Paul Boddie's Free Software-related blog


Archive for the ‘data preservation’ Category

Migrating the Mailman Wiki from Confluence to MoinMoin

Tuesday, May 12th, 2015

Having recently seen an article about the closure of a project featuring that project’s usage of proprietary tools from Atlassian – specifically JIRA and Confluence – I thought I would share my own experiences from the migration of another project’s wiki site that had been using Confluence as a collaborative publishing tool.

Quite some time ago now, a call for volunteers was posted to the FSF blog, asking for people familiar with Python to help out with a migration of the Mailman Wiki from Confluence to MoinMoin. Subsequently, Barry Warsaw followed up on the developers’ mailing list for Mailman with a similar message. Unlike the project at the start of this article, GNU Mailman was (and remains) a vibrant Free Software project, but a degree of dissatisfaction with Confluence, combined with the realisation that such a project should be using, benefiting from, and contributing to Free Software tools, meant that such a migration was seen as highly desirable, if not essential.

Up and Away

Initially, things started off rather energetically, and Bradley Dean initiated the process of fact-finding around Confluence and the Mailman project’s usage of it. But within a few months, things apparently became noticeably quieter. My own involvement probably came about through seeing the ConfluenceConverter page on the MoinMoin Wiki, looking at the development efforts, and seeing if I couldn’t nudge the project along by pitching in with notes about representing Confluence markup format features in the somewhat more conventional MoinMoin wiki syntax. Indeed, it appears that my first contribution to this work occurred as early as late May 2011, but I was more or less content to let the project participants get on with their efforts to understand how Confluence represents its data, how Confluence exposes resources on a wiki, and so on.

But after a while, it occurred to me that the volunteers probably had other things to do and that progress had largely stalled. Although there wasn’t very much code available to perform concrete migration-related tasks, Bradley had gained some solid experience with the XML format employed by exported Confluence data, and such experience when combined with my own experiences dealing with very large XML files in my day job suggested an approach that had worked rather well with such large files: performing an extraction of the essential information, including identifiers and references that communicate the actual structure of the information, as opposed to the hierarchical structure of the XML data itself.

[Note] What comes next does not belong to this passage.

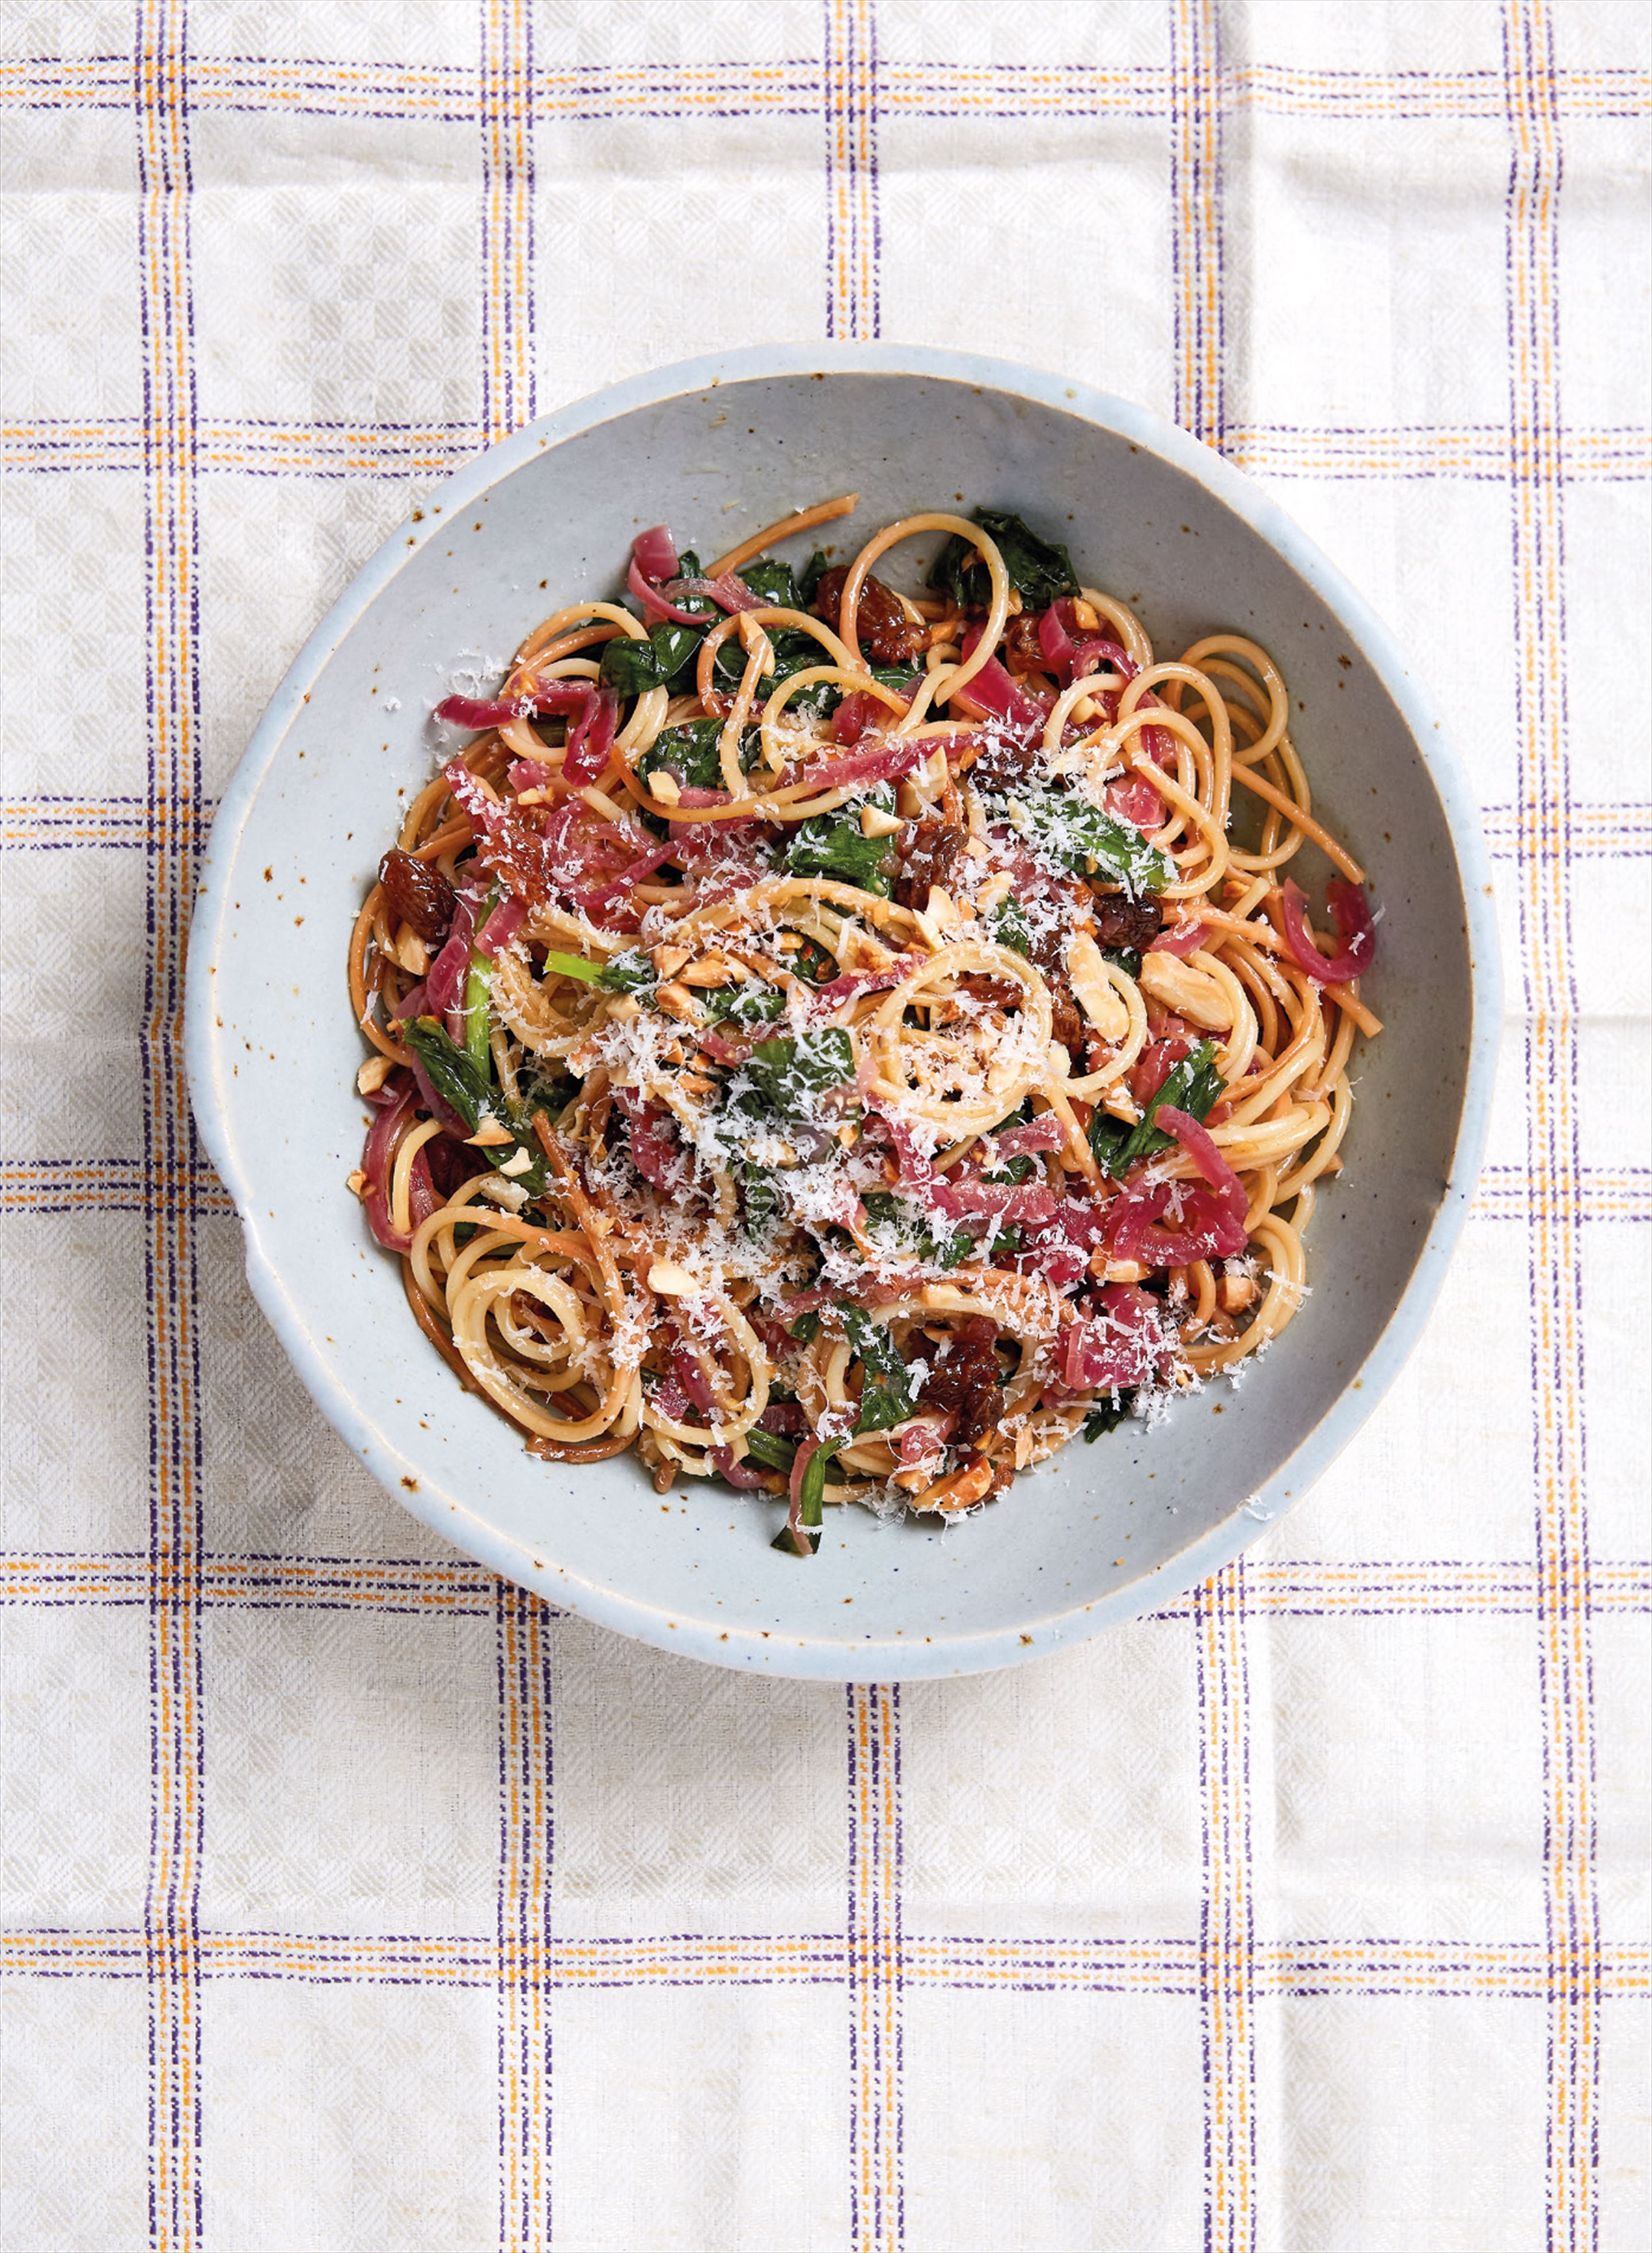 Toasted spaghetti with red onions, almonds and raisins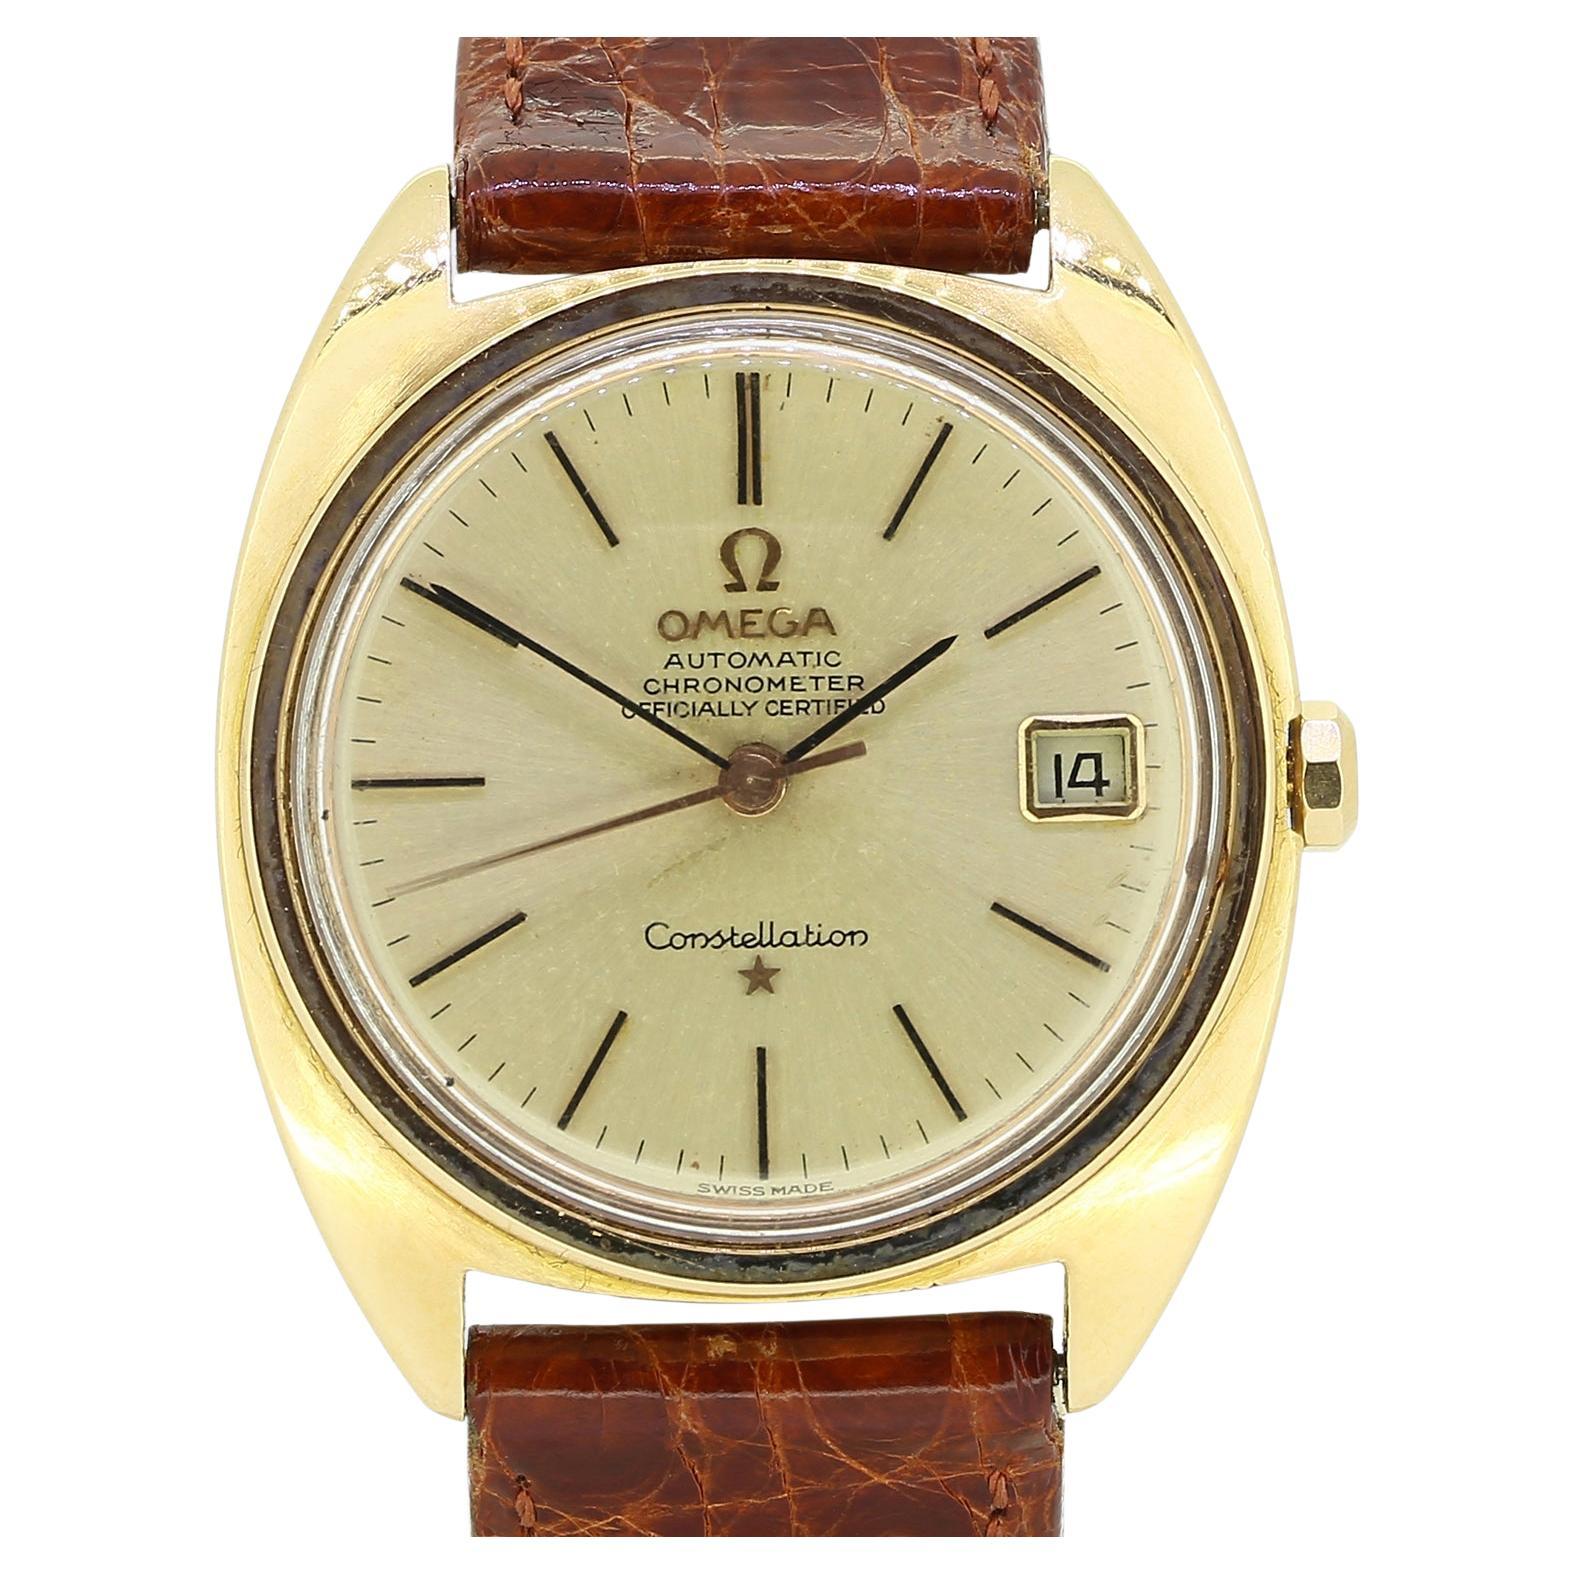 Vintage Omega Automatic Constellation Watch For Sale

With the data available in a more concise and flexible form, it can then be processed in a more convenient fashion, and within a few weeks I had something ready to play with.

With a day job and other commitments, it isn’t usually possible to prioritise volunteer projects like this, and I soon discovered that some other factors were involved: technological progress, and the tendency for proprietary software and services to be upgraded. What had initially involved the conversion of textual content from one markup format to another now seemed to involve the conversion from two rather different markup formats. All the effort documenting the original Confluence format now seemed to be almost peripheral if not superfluous: any current content on the Mailman Wiki would now be in a completely different format. And volunteer energy seemed to have run out.

A Revival

Time passed. And then the Mailman developers noticed that the Confluence upgrade had made the wiki situation even less bearable (as indeed other Confluence users had noticed and complained about), and that the benefits of such a solution were being outweighed by the inconveniences of the platform. And it was at this point that I realised that it was worthwhile continuing the migration effort: it is bad enough that people feel constrained by a proprietary platform over which they have little control, but it is even worse when it appears that they will have to abandon their content and start over with little or no benefit from all the hard work they have invested in creating and maintaining that content in the first place.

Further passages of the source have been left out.